Nevertheless, significant challenges remain. Australia continues to lead the world in exploration intensity, mining productivity and mining infrastructure. Canada has built a world-class exploration ecosystem supported by specialised mining finance networks and thousands of junior mining companies. China, meanwhile, dominates the processing and refining stages of the critical mineral supply chain and controls substantial portions of global rare earth, graphite and lithium processing capacity.
India's biggest challenge is therefore not merely discovering minerals but developing the infrastructure needed to process, refine and integrate them into industrial supply chains. Experts often point out that the value captured from a mineral increases dramatically at each stage of processing. Mining ore creates only a fraction of the economic value ultimately generated through refining, battery manufacturing, semiconductor production and advanced industrial applications.

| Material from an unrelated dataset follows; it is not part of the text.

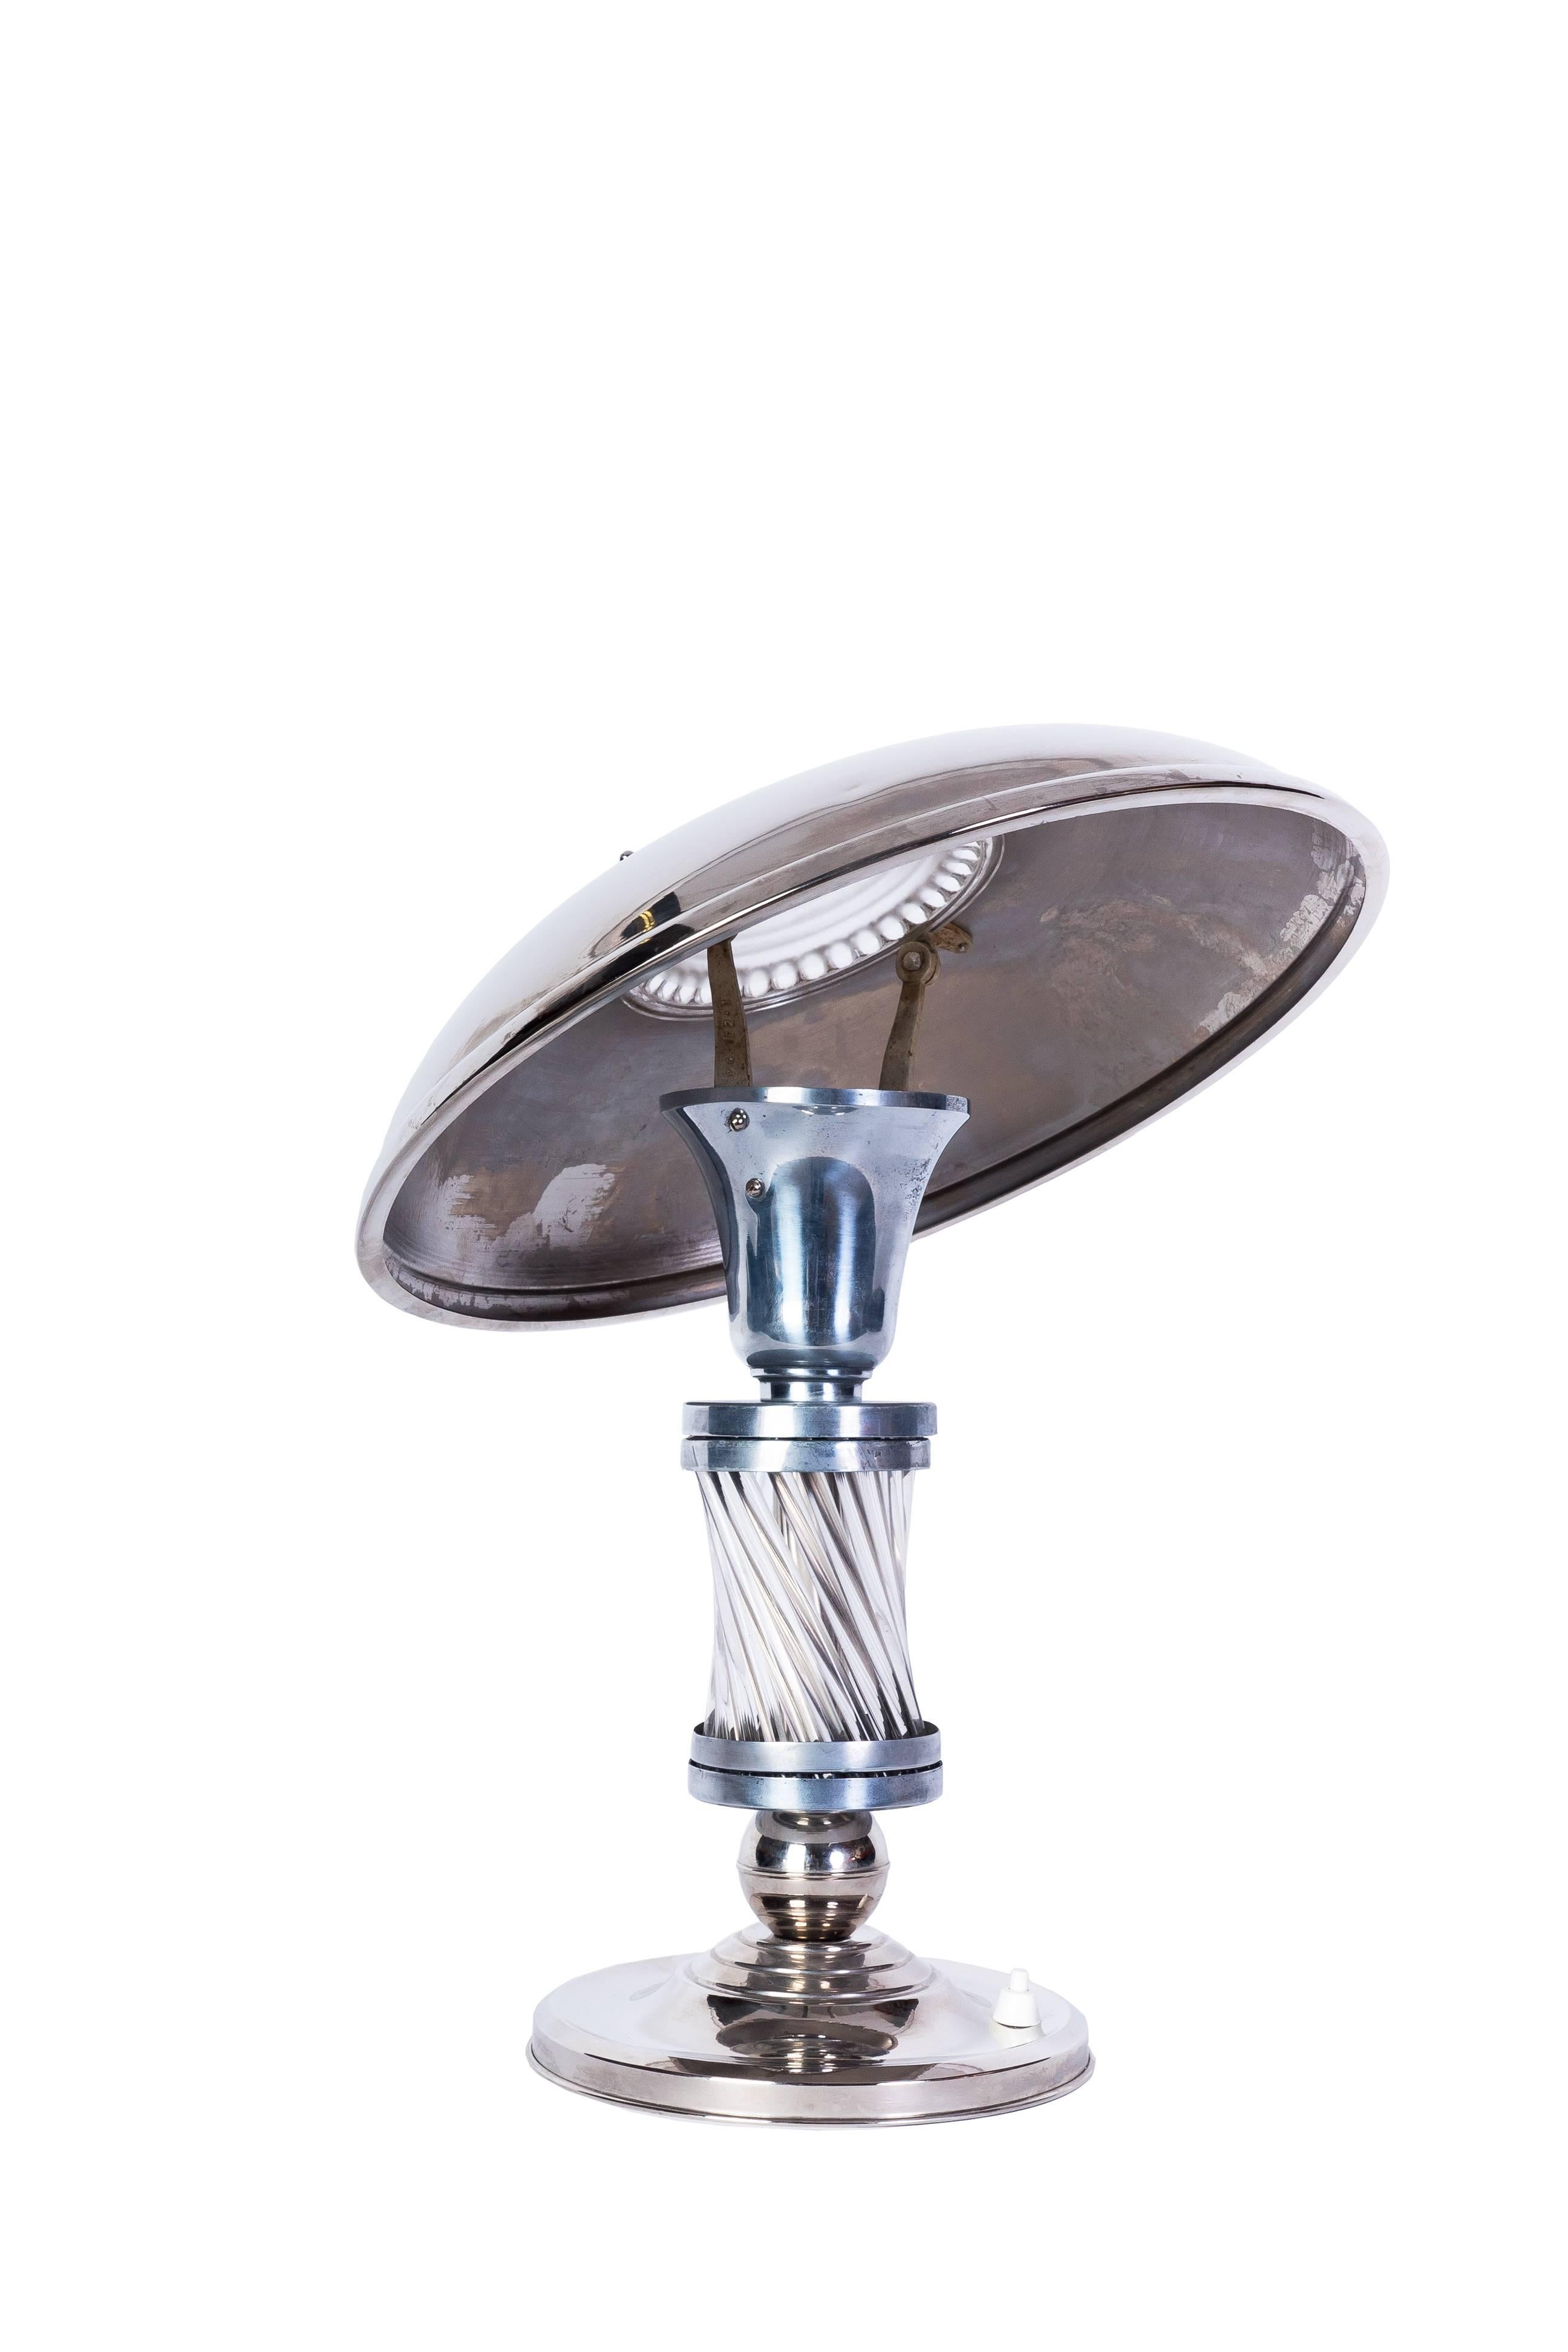 Cette luxueuse lampe de table Art déco (vers 1925) présente un corps chromé avec une base et un abat-jour argentés pour un contraste magnifique. Tiges de verre sur le corps et plaque de verre moulé pour coiffer l'abat-jour. L'abat-jour pivote pour

This is why the government's strategy extends well beyond mine auctions. It is increasingly focused on building an integrated ecosystem that includes exploration, mining, refining, battery manufacturing, semiconductor production, electric mobility and advanced manufacturing.
The Road Ahead
The successful auction of 56 critical and strategic mineral blocks represents far more than an administrative milestone. It reflects India's attempt to secure its place in the global competition for the resources that will power the industries of the future.
From the coalfields of Telangana to rare-earth deposits and battery mineral prospects across the country, India's mining sector is undergoing its most significant transformation in decades. The challenge now is to convert exploration licences into discoveries, discoveries into producing mines and producing mines into globally competitive industrial supply chains.
Ultimately, the success of India's critical mineral strategy will not be measured solely by the number of blocks auctioned. It will depend on how effectively the country can translate its vast geological wealth into production, processing capacity, manufacturing strength and long-term strategic security in an increasingly resource-driven world.